For the detection of organic residues in selected SFF, desilicification of the central filamentous core was carried out at room temperature using a 10% hydrofluoric acid (HF) treatment over four days. The insoluble residue was carefully separated from the solution and washed with deionized water over 2 h until a neutral pH was reached.
The staining process began with immersion of the selected specimen in 20 µL of a solution containing 10 g glycerin and 10 g NaOH in 90 mL water. After 30 s, Calcofluor White (CFW) solution, a highly-sensitive blue fluorescent dye for the identification of polysaccharides containing β-glycosidic bonds such as chitin and cellulose in fossil samples [42,43] was added to the pretreated specimen for 12 h without light at room temperature. Afterwards, the sample was repeatedly washed with distilled water to eliminate the unattached CFW and dried in air at ambient temperature. Optical and fluorescence microscopy imaging on the obtained residues was performed using a BZ-9000 (Keyence, Osaka, Japan) microscope.
In addition, attenuated total reflectance Fourier transform infrared spectroscopy (ATR-FTIR) was used for the qualitative characterization of the isolated materials. The samples were analyzed using a Nicolet 210c spectrometer (Thermo Scientific, Waltham, MA, USA). These analyses were complemented by electrospray ionization mass spectrometry (ESI-MS). For that purpose, the demineralized matter was hydrolyzed in 6M HCl for 24 h at 90 °C. Next, the obtained solution was filtrated with a 0.4 μm filter and freeze-dried to remove the excess HCl. The solid remainder was dissolved in water for ESI-MS analysis. Standard d-glucosamine as a control was purchased from Sigma (Darmstadt, Germany). All ESI-MS measurements were performed on an Agilent Technologies 6230 TOF LC/MS spectrometer (Applied Biosystems, Foster City, CA, USA). Nitrogen was used as a nebulizing and desolvation gas. Graphs were generated using Origin 8.5.

4. Results

4.1. Morphology of SFF

The SFF occur in the open space of cavities and exhibit a wide variation in macroscopic morphology (Figure 5) and size (up to 10 cm, in extreme cases up to 100 cm in the Jamner area). At least eight different types of filament morphologies observed (Figure 5) can be grouped into two basic categories. Types 1–7 consist of parallel straight or curved linear filaments or filament intergrowths (Figure 2a,b). Type 8 can be characterized as planar matted fabrics (Figure 2c).
The most common is type 4, forming a thin layer up to 1 cm thick at the cavity ceiling/walls, as well as type 7, forming layers up to a few centimeters thick at the cavity bottom. The gravity-controlled types 1–3 commonly consist of several single, parallel grown filaments, which are joined together by chalcedony resulting in shapes resembling stalactites. Type 5 SFF are not very common but can develop intergrowths up to 15 cm in height. In the following, SFF types 1–7 are labeled as SFFIr (irregular) and matted type 8 as SFFMa (matted).
The cross-sections of SFFIr are characterized by round or irregular shapes resulting from the intergrowth of several SFFIr (Figure 6a–e). In contrast, the cross-sections of SFFMa are developed as band-like forms (Figure 6f).

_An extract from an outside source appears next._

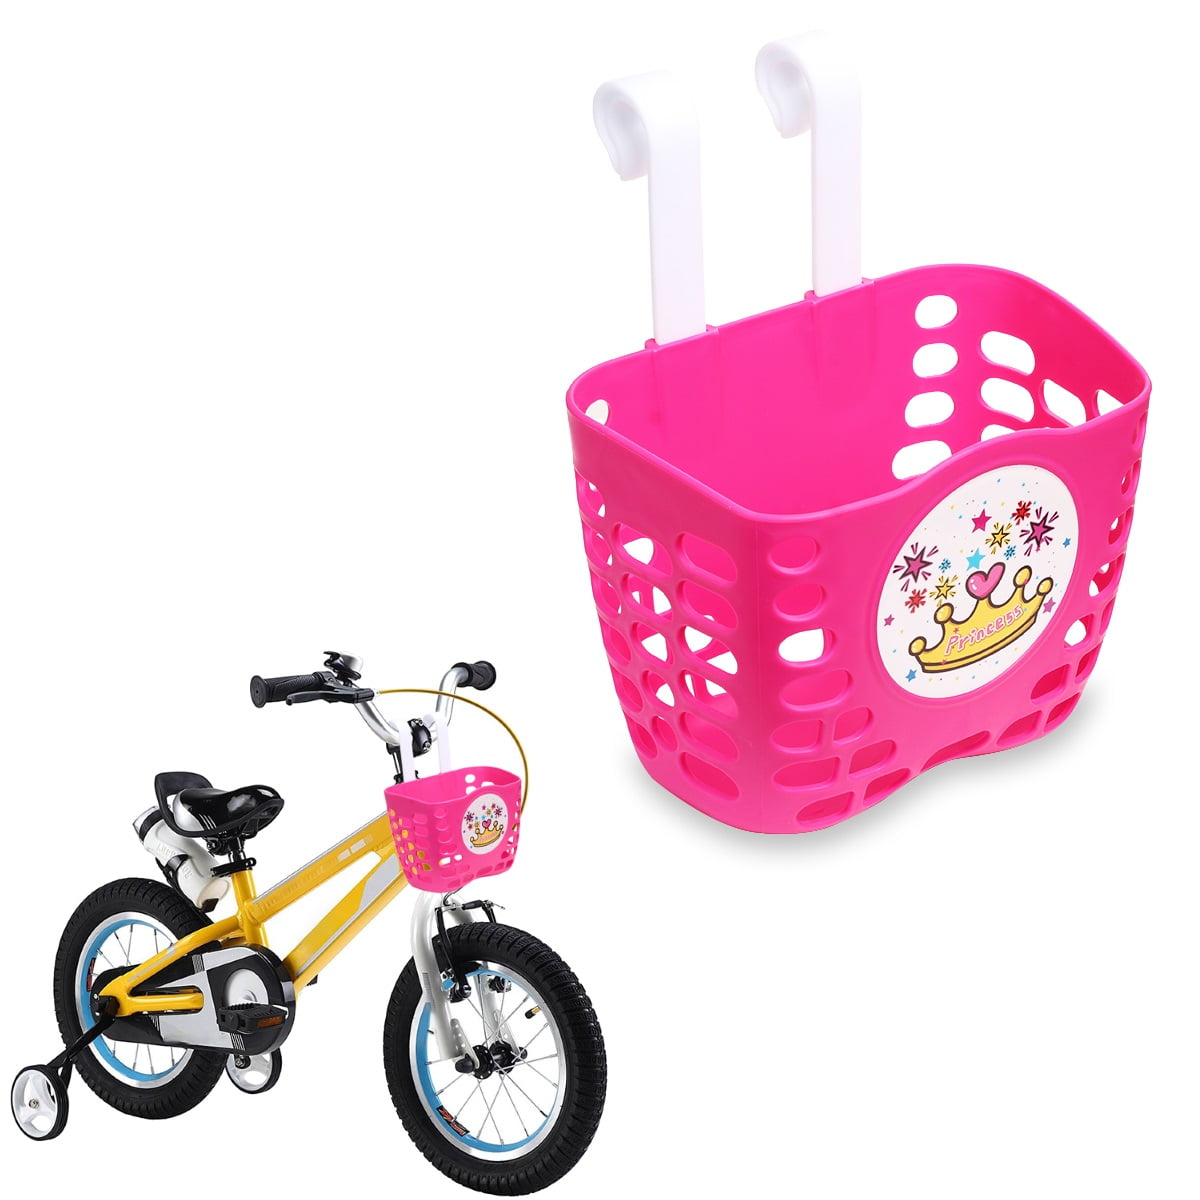 MINI-FACTORY Kids Bike Basket Pink Cute Princess Crown/Butterflies Pattern Bicycle Front Handlebar Basket for Kid Girls 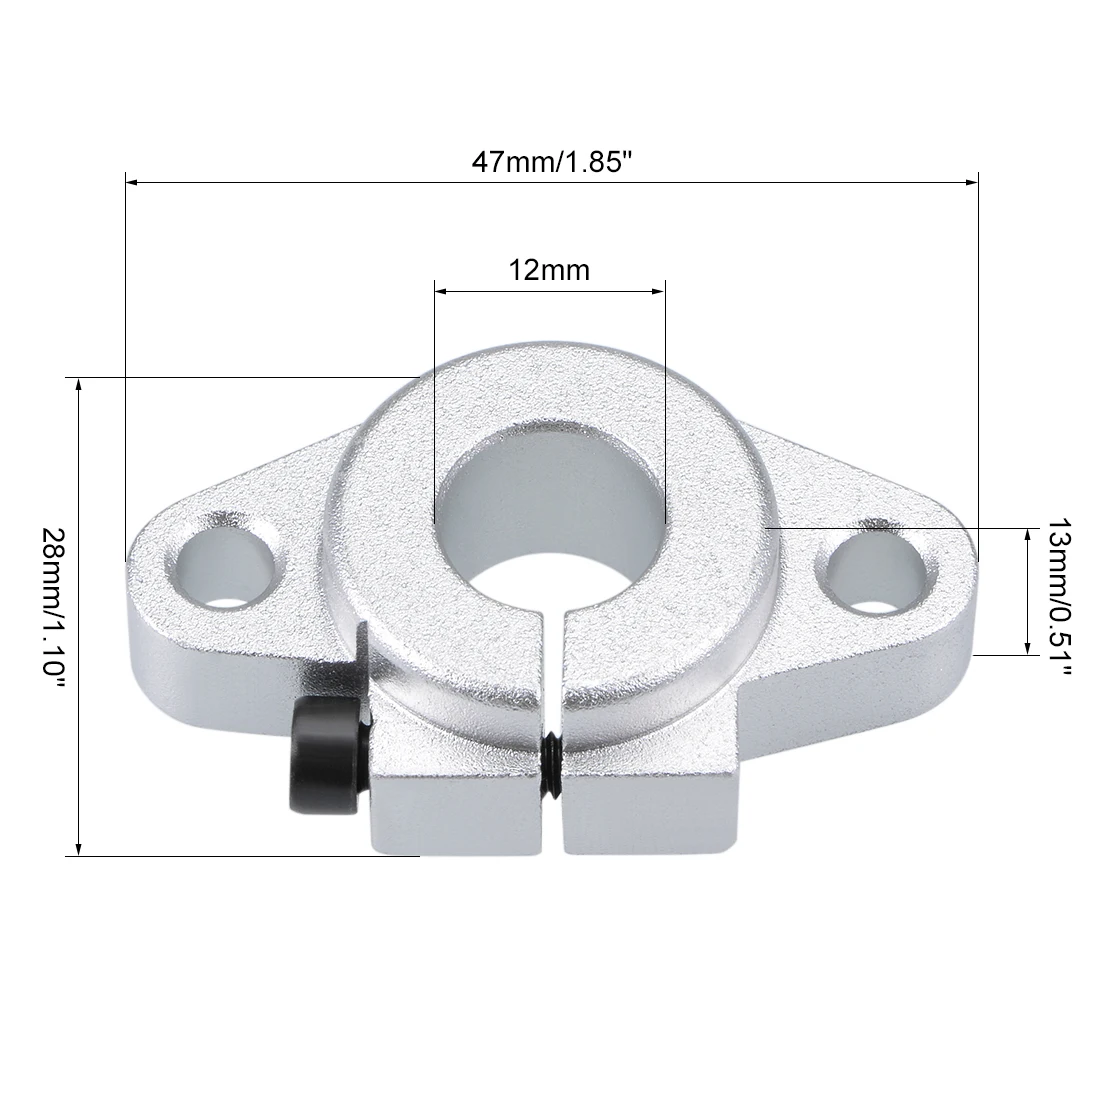 uxcell 20mm Shaft Support SHF20 Flange Mount Linear Motion Slide Rail Guide Blocks for CNC 3D Printer Pack of 2

4.2. Mineralogical Composition and Micro-Texture of SFF

While the macro-morphology of the different filament types is relatively easy to recognize and characterize, the mineralogical composition and micro-texture of the filaments are very complex and require a detailed and integrated study. Therefore, several SFF from different locations and of different types were selected to determine the general mechanisms of formation.

4.2.1. Jalgaon/Savda

Four different samples from cavities within the quarry complex of Jalgaon/Savda were selected to clarify two aspects of the filament mineralization. First, the comparison of the mineralization sequence from the cavity walls shows the same succession as for the filament mineralization. Therefore, a profile from the host rock to the silica mineralization was studied. Second, cross-sections of filament aggregates were prepared to determine the mineralization sequence and to provide information about the characteristics of the silica minerals.
Samples Jal 30 and Jal 31 represent a mineralization profile at the cavity wall from the host rock through the mineralization sequence as well as a cross-section of a filament from the same mineralization site (Figure 7a,b). The profile shows five clearly distinguishable zones (compare Figure 7a).
The host rock (zone 1) is composed of tholeiitic basalt. Data from the literature show a variable chemical composition of the tholeiitic basalt from the investigated outcrops with 49.93–51.96 wt. % SiO2, 13.28–14.76 wt. % Al2O3, 12.73–14.00 wt. % Fe2O3 (Fe2+ and Fe3+ given as Fe2O3), 9.19–10.55 wt. % CaO, 4.43–6.85 wt. % MgO, 2.35–2.95 wt. % Na2O, 0.48–0.54 wt. % K2O, and 1.86–3.13 wt. % TiO2 [36,44]. The basalt is variably fresh and has a fine-grained, intersertal texture with some cm-sized plagioclase phenocrysts (labradorite An60) and altered olivine. In the fine-grained groundmass, fresh lath-shaped plagioclase microliths and clinopyroxene (augite) are preserved, whereas former glass and olivine are absent or replaced by brown, greenish-brown or green sheet silicates and opaque ore minerals (ilmenite-rutile-leucoxene and hematite). In the transition to zone 2, di- and trioctahedral clay minerals (smectite) increasingly occur reflecting the progressive alteration process.
The green layer (zone 3 in Figure 7a) is dominated by celadonite K(Mg,Fe2+)(Fe3+,Al)[(OH)2/Si4O10] partly intergrown with stilbite and quartz (Figure 8). The celadonite is visible as agglutinated platelets forming worm-like textures (Figure 7c). The chemical composition determined by local analysis with SEM-EDX is presented in Table S1.
Zone 4 starts with bundles of acicular crystals of zeolites intergrown in a matrix of micro-crystalline silica (Figure 7d). XRD analyses, polarizing microscopy, and spatially resolved chemical analyses (Table S1) show that the zeolite is predominantly mordenite ((Ca,K2,Na2)[AlSi5O12]2·7H2O) which crystallizes together with micro-crystalline chalcedony and macrocrystalline quartz. The precipitation of SiO2 continued and formed zone 5, which consists almost completely of pure chalcedony/quartz.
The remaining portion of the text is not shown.